Let's learn how to run your scraper in a Kubernetes cluster with Continuous Deployment (CD) using GitHub Actions.
With GitHub Actions, whenever you push your code to GitHub, the scraper will be automatically deployed to the Kubernetes cluster with the latest changes.
To achieve this, we will:
- Create a Kubernetes cluster in Google Cloud
- Create a GitHub repository
- Add deployment secrets like Google Cloud access keys to the GitHub repository
- Run the GitHub Workflow to deploy the scraper
-
If you don't have a Google Cloud account, create one. You'll receive a $300 credit to use over 3 months.
-
Visit the Google Cloud Console and click the Cloud Shell button. A terminal will open up.
-
Run the following commands in the terminal to create the Kubernetes cluster:
python -m pip install bota python -m bota create-cluster
You will be prompted for the following information:
name: Enter a cluster name of your choice, for example, "pikachu".
machine: Press Enter to accept the default machine type, which is "us-central1".
number of machines: Press Enter to accept the default number of machines, which is 2.
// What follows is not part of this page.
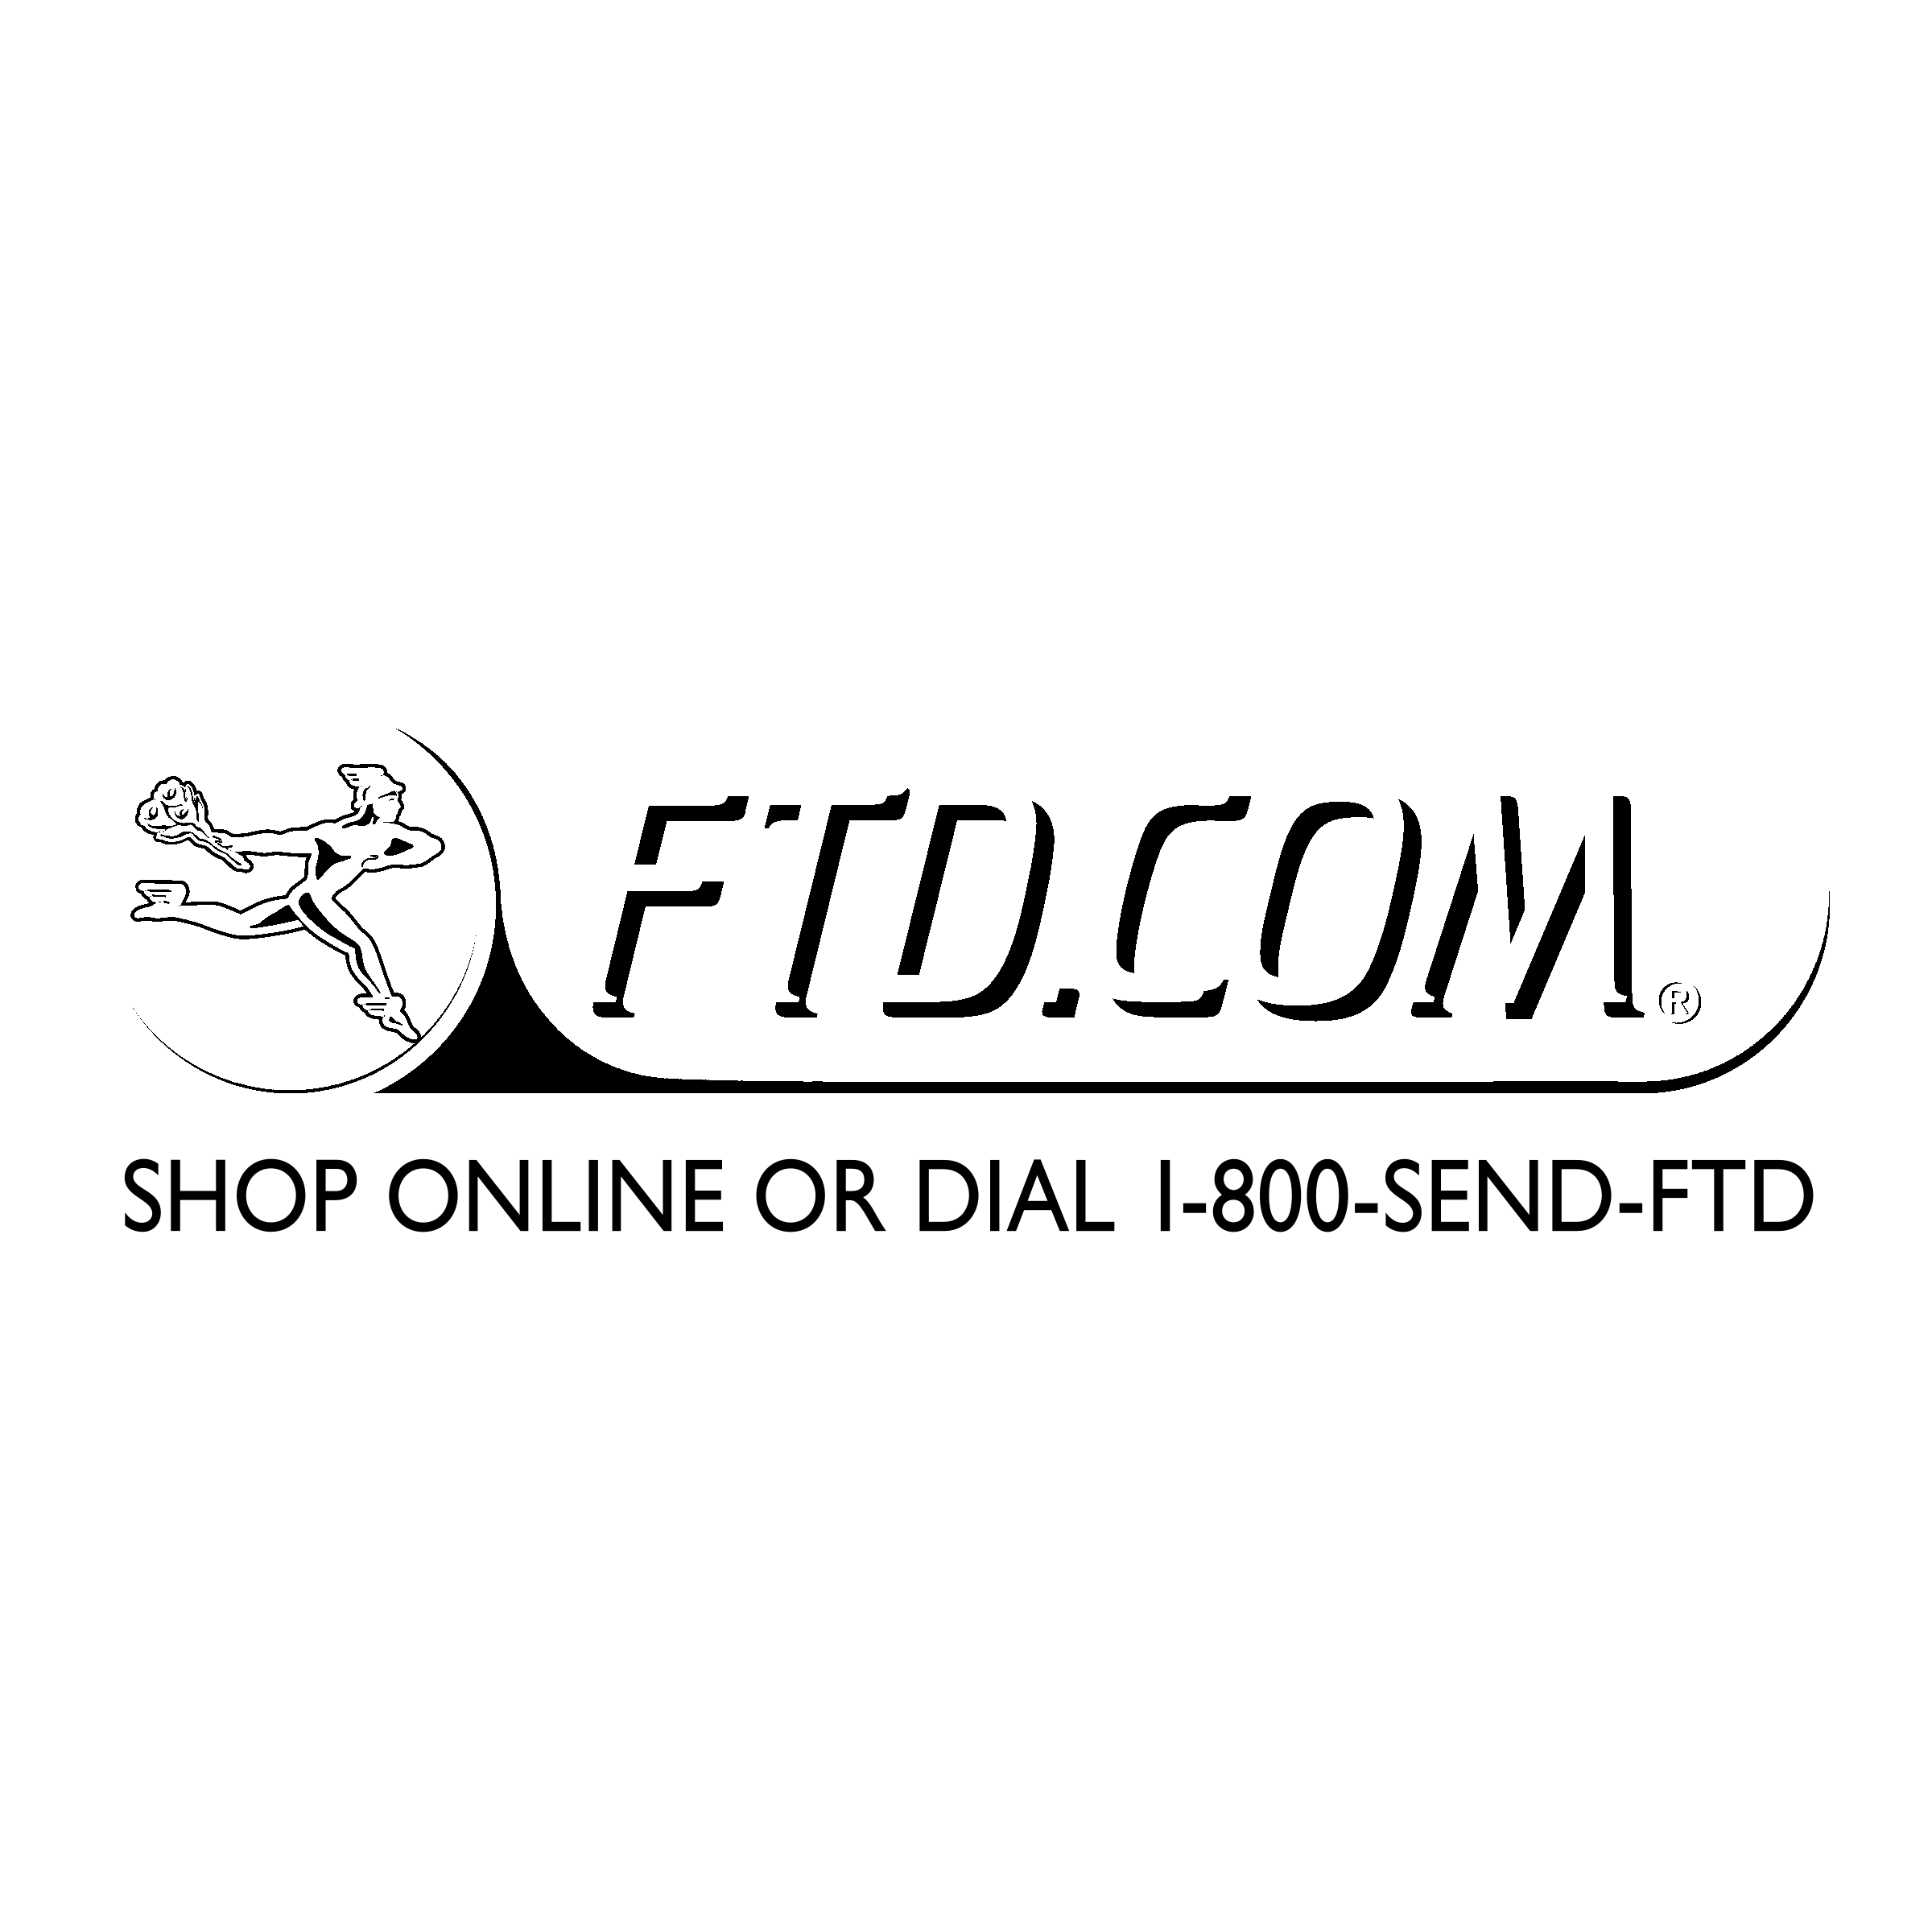 FTD.com Logo - FTD com Logo PNG Transparent & SVG Vector - Freebie Supply

region: Press Enter to accept the default region, which is "us-central1". (This is asked the first time only)
After the command completes, note the IP of the Kubernetes Cluster, as we will later visit this IP to use the scraper.
-
Clone the Botasaurus starter template to your machine by running the following commands:
git clone https://github.com/omkarcloud/botasaurus-starter kubernetes-scraper cd kubernetes-scraper code .
-
Create Github Actions Workflow YAML and Kubernetes deployment YAML files by running the following command:
python -m bota create-manifests
You will be prompted for the following information:
Enter cluster name: Enter the exact same name you used earlier for the cluster (e.g., pikachu).
number of workers to run: Press Enter to accept the default number of workers, which is 1.
Are browsers used in the scraper: Enter "Yes" if the scraper uses a browser, as this will increase the CPU and RAM allocation for the scraper because browser-based scrapers need more resources. Since the Botasaurus Starter Templates do not use a browser, enter "No".
region: Enter the exact same region you used earlier in the Google Cloud Shell (e.g., us-central1). (This is asked the first time only)
-
Next, Create a new private repository on GitHub named
kubernetes-scraper
. -
In your local machine, run the following commands to push the code to GitHub, remember to replace
USERNAME
with your GitHub username:rm -rf .git # remove the existing git repository git init git add . git commit -m "Initial Commit" git remote add origin https://github.com/USERNAME/kubernetes-scraper # TODO: replace USERNAME with your GitHub username git branch -M main git push -u origin main
-
Visit this link and click the "CREATE SERVICE ACCOUNT" button.
-
Enter a name like "Owner" in the "Service account name" textbox and click the "CREATE AND CONTINUE" button.
-
Click on the "Select a role" dropdown, select "Project" > "Owner" role, and click the "CONTINUE" button.
-
Download the JSON key for the service account by following the GIF below.
-
Go to base64encode.org, paste the service account key's JSON contents, and encode it to base64.
-
Go to the GitHub repository you just created, click on "Settings" > "Secrets and variables" > "Actions", and click on the "New repository secret" button.
-
Enter "GKE_KEY" as the name and paste the base64-encoded GKE_KEY as the value. Then click the "Add secret" button.
-
Add a new secret with the name "GKE_PROJECT" and enter the project ID (found in the service account's 'project_id' field) as the value.
-
Go to the "Actions" tab in your GitHub repository, click on the workflow tab, and re-run the workflow.
-
That's it, Once the workflow is completed, visit the IP you copied earlier to use the scraper.
If you are deleting a custom scraper you deployed, ensure you have downloaded the results from it.
Next, in the Cloud Shell, run the following command to delete the Kubernetes scraper:
python -m bota delete-cluster
When prompted for cluster name, enter the exact same cluster name you used earlier (e.g., "pikachu").
That's it! You have successfully deleted the Kubernetes cluster and all associated resources. You will not incur any further charges.